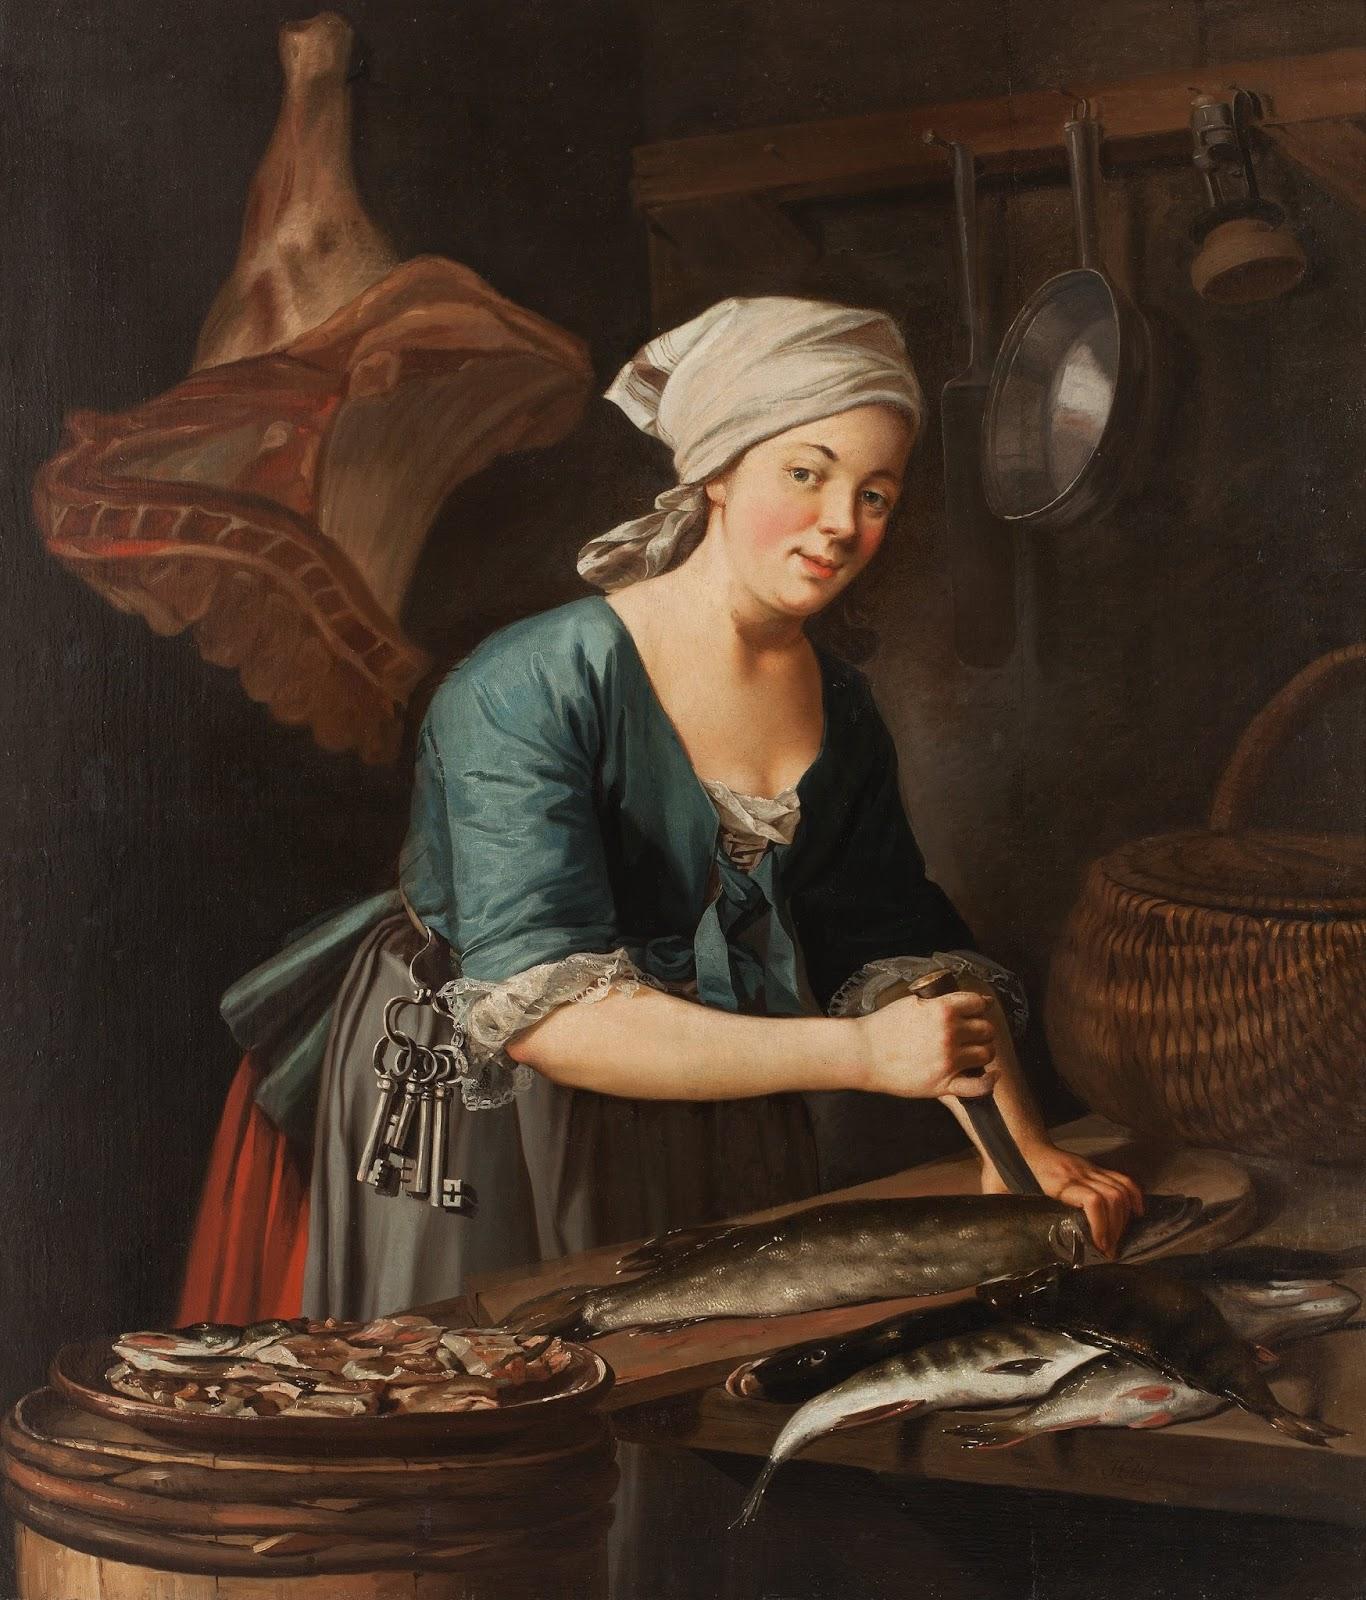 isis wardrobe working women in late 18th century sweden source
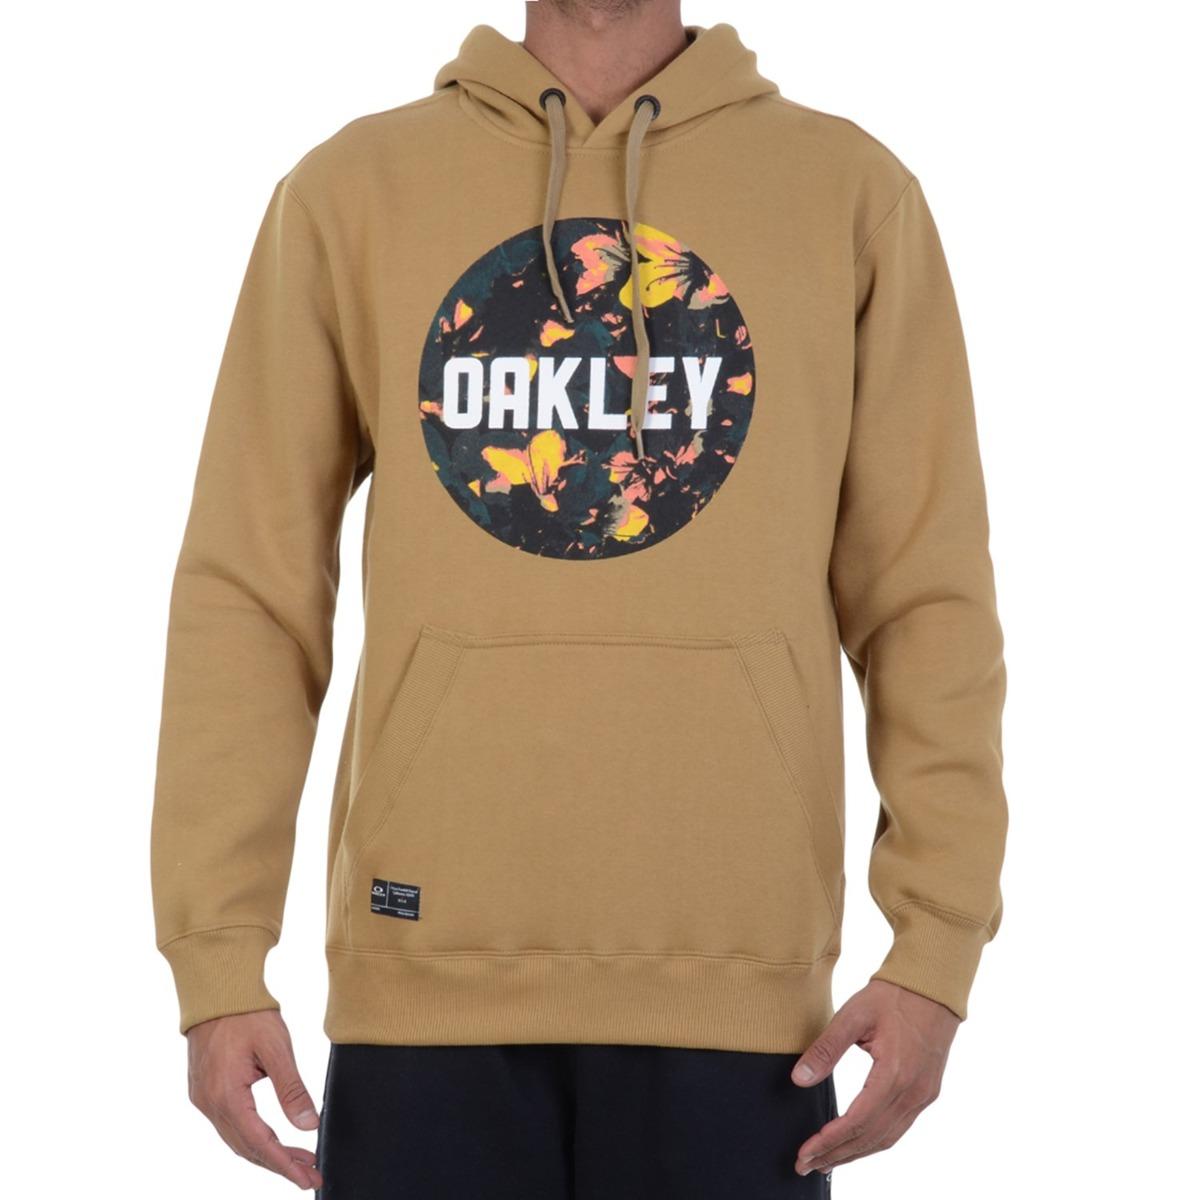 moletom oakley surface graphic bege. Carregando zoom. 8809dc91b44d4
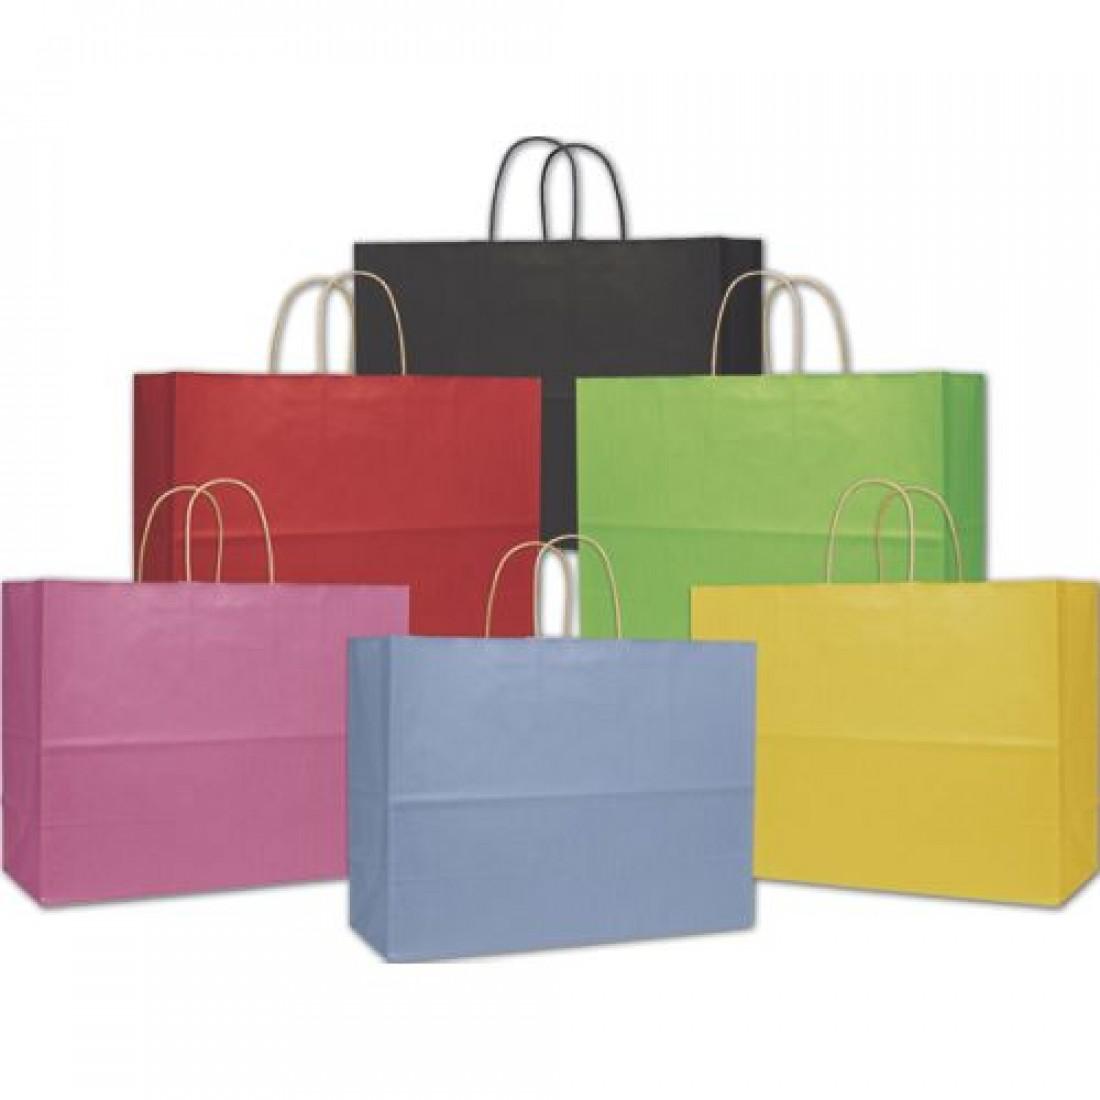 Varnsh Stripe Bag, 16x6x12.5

# [Requirement]
Copy out all the data above exactly, pictures excluded.

# [Solution to the problem]
 isis wardrobe working women in late 18th century sweden source
 moletom oakley surface graphic bege. Carregando zoom. 8809dc91b44d4
 Varnsh Stripe Bag, 16x6x12.5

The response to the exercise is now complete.